Kenny ring gene leopards, Piwowarski RT and RSG, Big blue cobalt.
220 display, 150 office tank, fish room.
Yes Van,
I am curious also. Thnx
Bubbles from water changes have never harmed any of my fish over the past 2 or 3 decades, so it's not really something I worry about. I think it would only be cause for concern if the whole tank were "frothy".
Darrell
If I fill up my tank quickly during the cold seasons, my discus stress out big time even when I do less than 50% water change. When I fill the tank up slowly, I mean slow, my fish are fine even when I do over 75%. I take almost two hours to fill up the tank when I do a big water change. But even when I fill up slowly, the last 10%, I see significant more gas bubbles. I don't know why.... But it doens't seem to bother my fish so I am not too concerned.
Yun-
- 265G Wild Discus Community- 90G African Cichlids- 56G Reef- 20G, 20G, 29G Community- 20G, 26G, 36G empty
I recently started pouring water from the faucet directly into a 5 gallon bucket and pumping the water from the bucket to my tank. I just match the temp and keep the water flowing from the faucet until my tank is full. I get much less saturation this way, but I never do more than 50% WC in the winter, so I have to do more WC's overall. The fish are not stressed after this. When I used to go from tap to tank they were stressed big time and my tank had millions of microbubbles.

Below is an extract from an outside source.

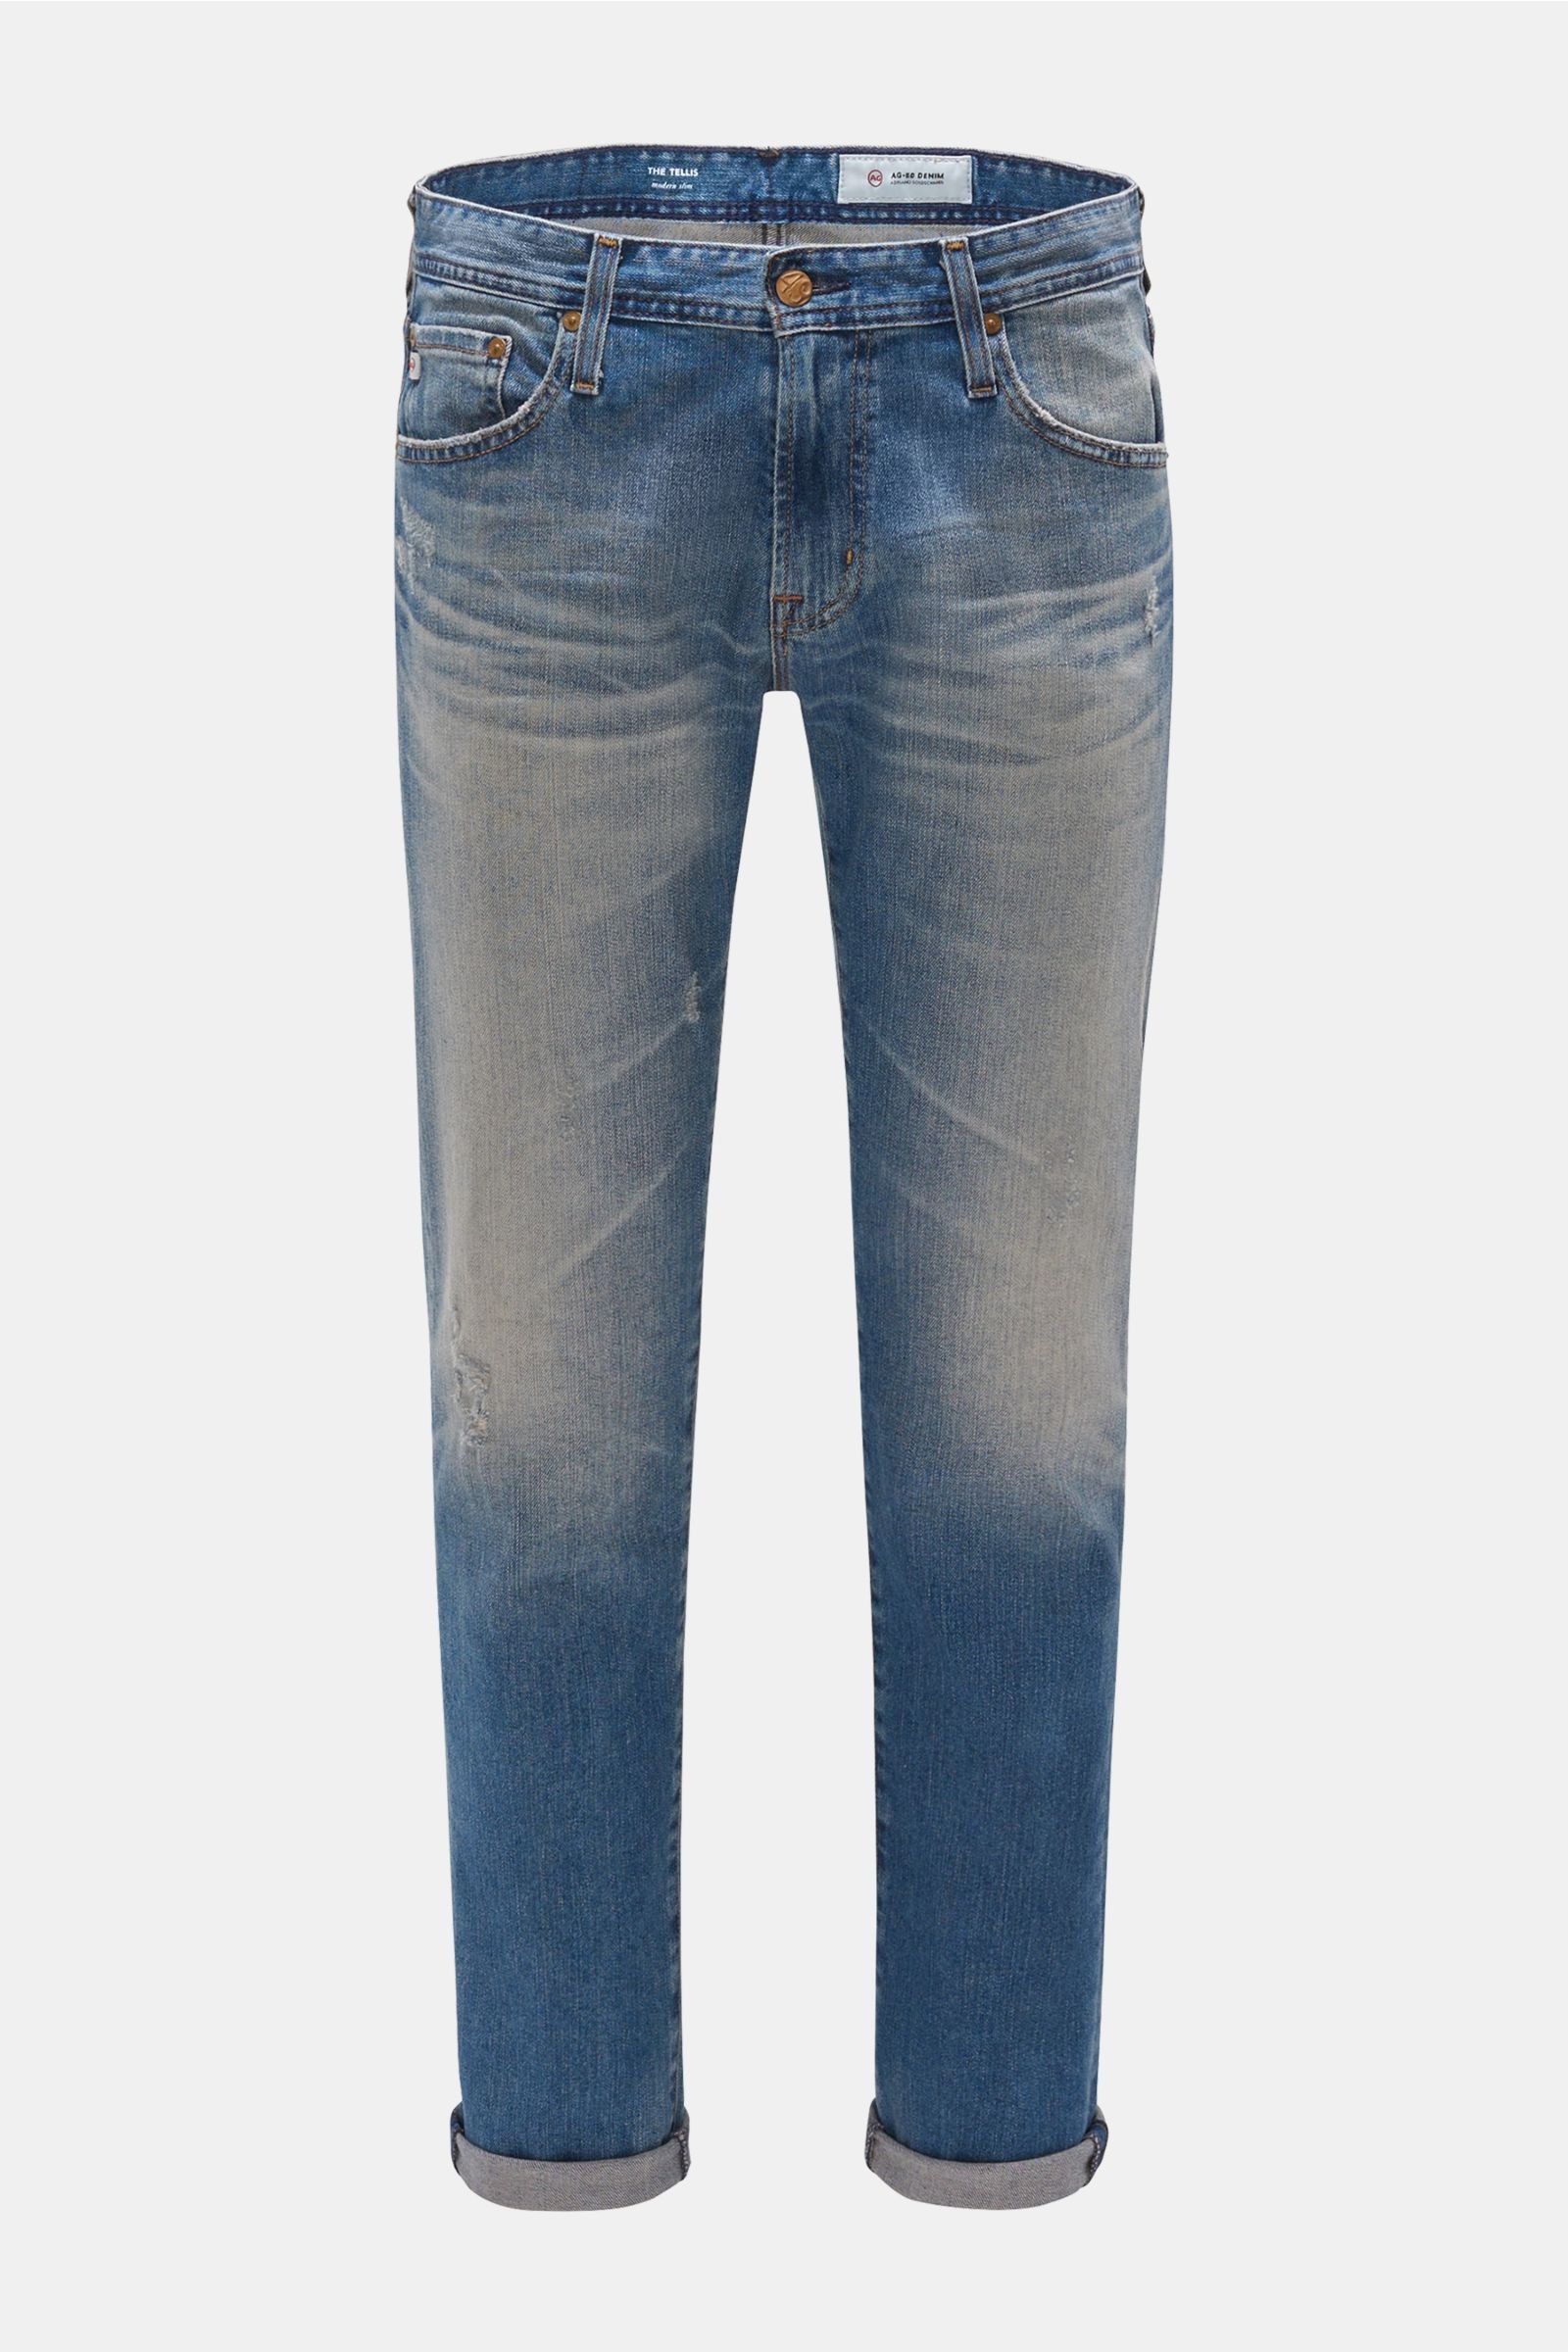 Jeans 'The Tellis Modern Slim' grey-blue

This is not a new method. I read about it somewhere in here a while ago. The splashing and exposure to the open air in the bucket gasses off the water a great deal. It's not as good as aging, but it's pretty close in my experience.
Peter,
Post #14
http://forum.simplydiscus.com/showth...ht=#post753574
Yun-
- 265G Wild Discus Community- 90G African Cichlids- 56G Reef- 20G, 20G, 29G Community- 20G, 26G, 36G empty
Hi Guys,
Just to clarify some things here.. not an expert but these are my understandings and experience
It really depends on your source water...If your water is municipal, it generally will have far less "gas" in it (though that will vary also) ...however if your water is well water...you could have very high amounts...as the water is technically pressurized underground more again variable on the depths the well is drawing from and the particular aquafer. With this in mind...what works for one person may not work for another depending on the dissolved gas.

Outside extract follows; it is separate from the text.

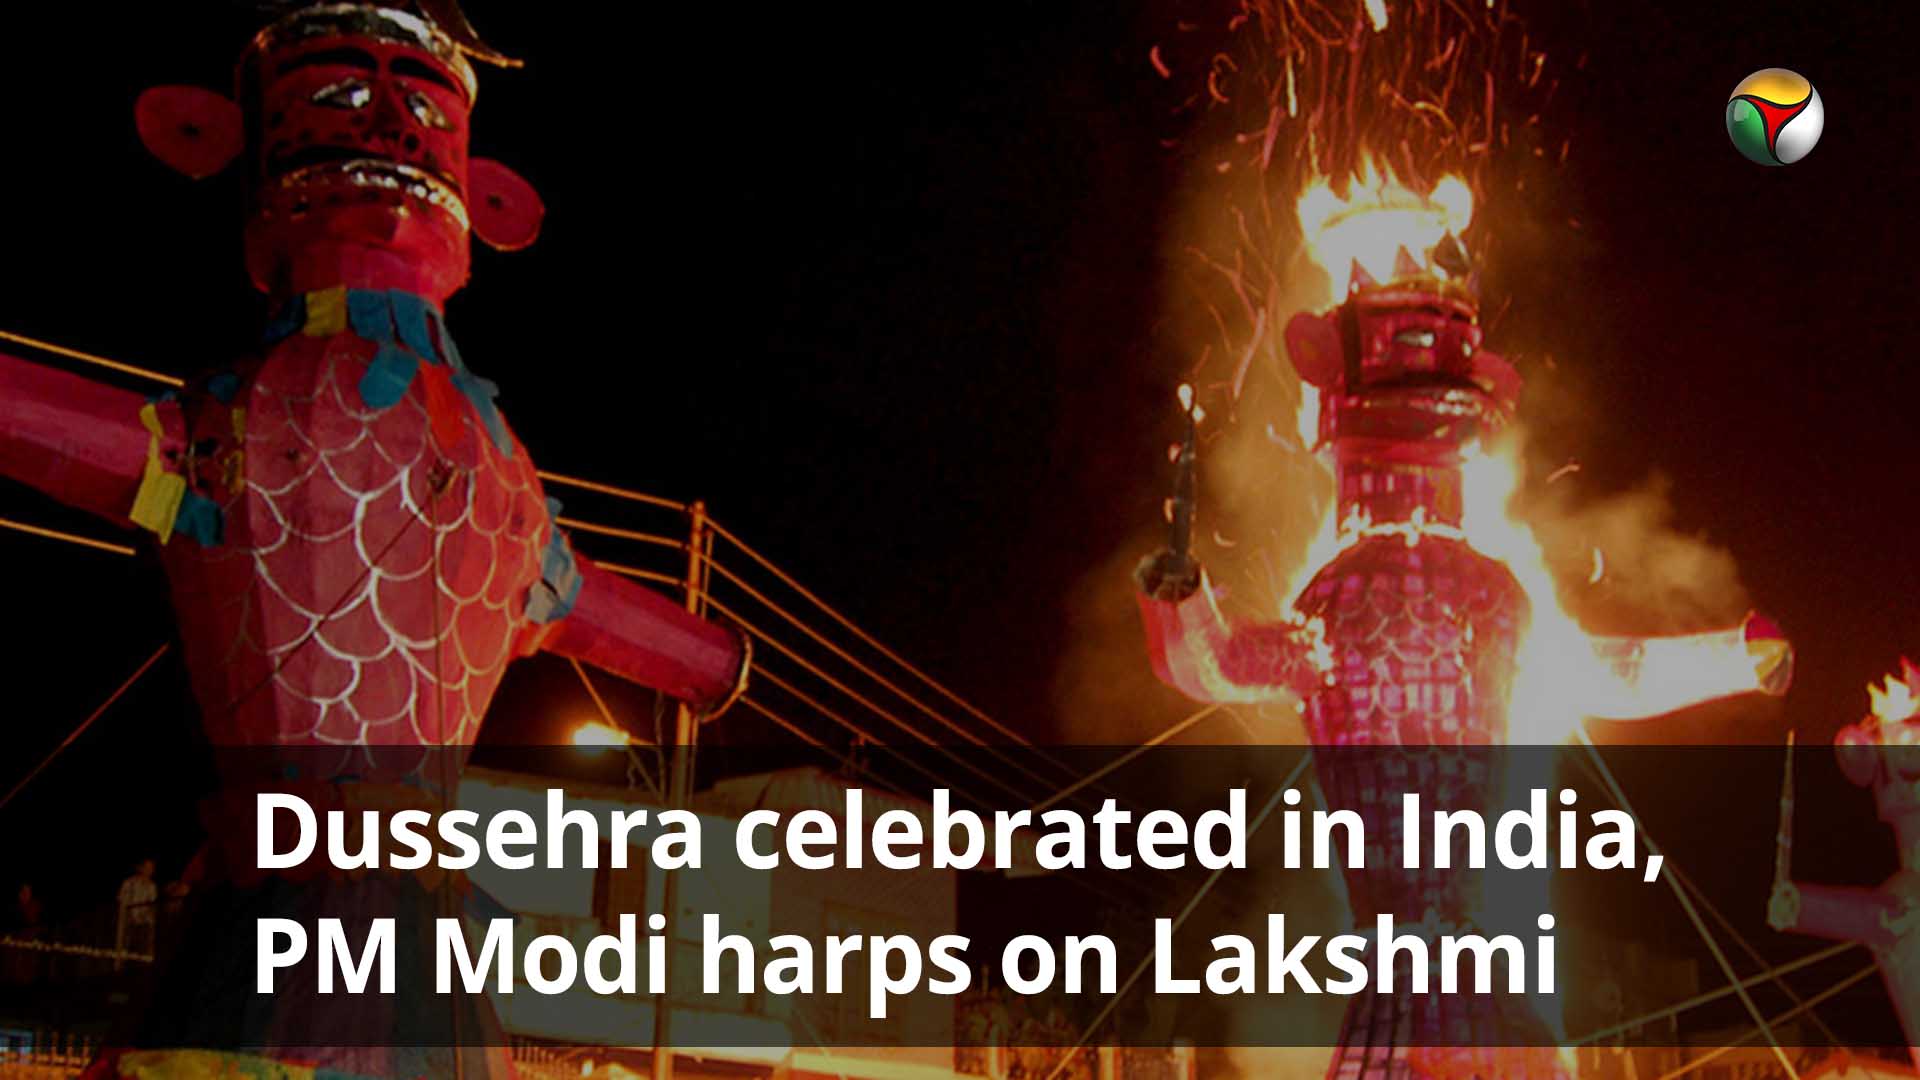 Dussehra celebrated in India, PM Modi harps on Lakshmi

Be careful when you say " gas"... Some Gases can be very dangerous... Its not necessary the bubbles themselves that are the problem...its the content of the bubbles. Heres an example.. I have a well. I draw my water from and read the pH from the tap..its generally between 6.0 and 6.2 most of the year..winters it can be lower. Its loaded with CO2 as the gas. if I age my water its pH jumps to 7.8. so the pH swing will be from 6.0 to 7.8 in a few hours , some could and do argue thats a problem in itself... but the real problem in my case is every fish in the tank will be at the top gasping for oxygen if I do a major water change with unaged water from the tap.,,,its like overdosing the fish in a planted tank with CO2 dosing.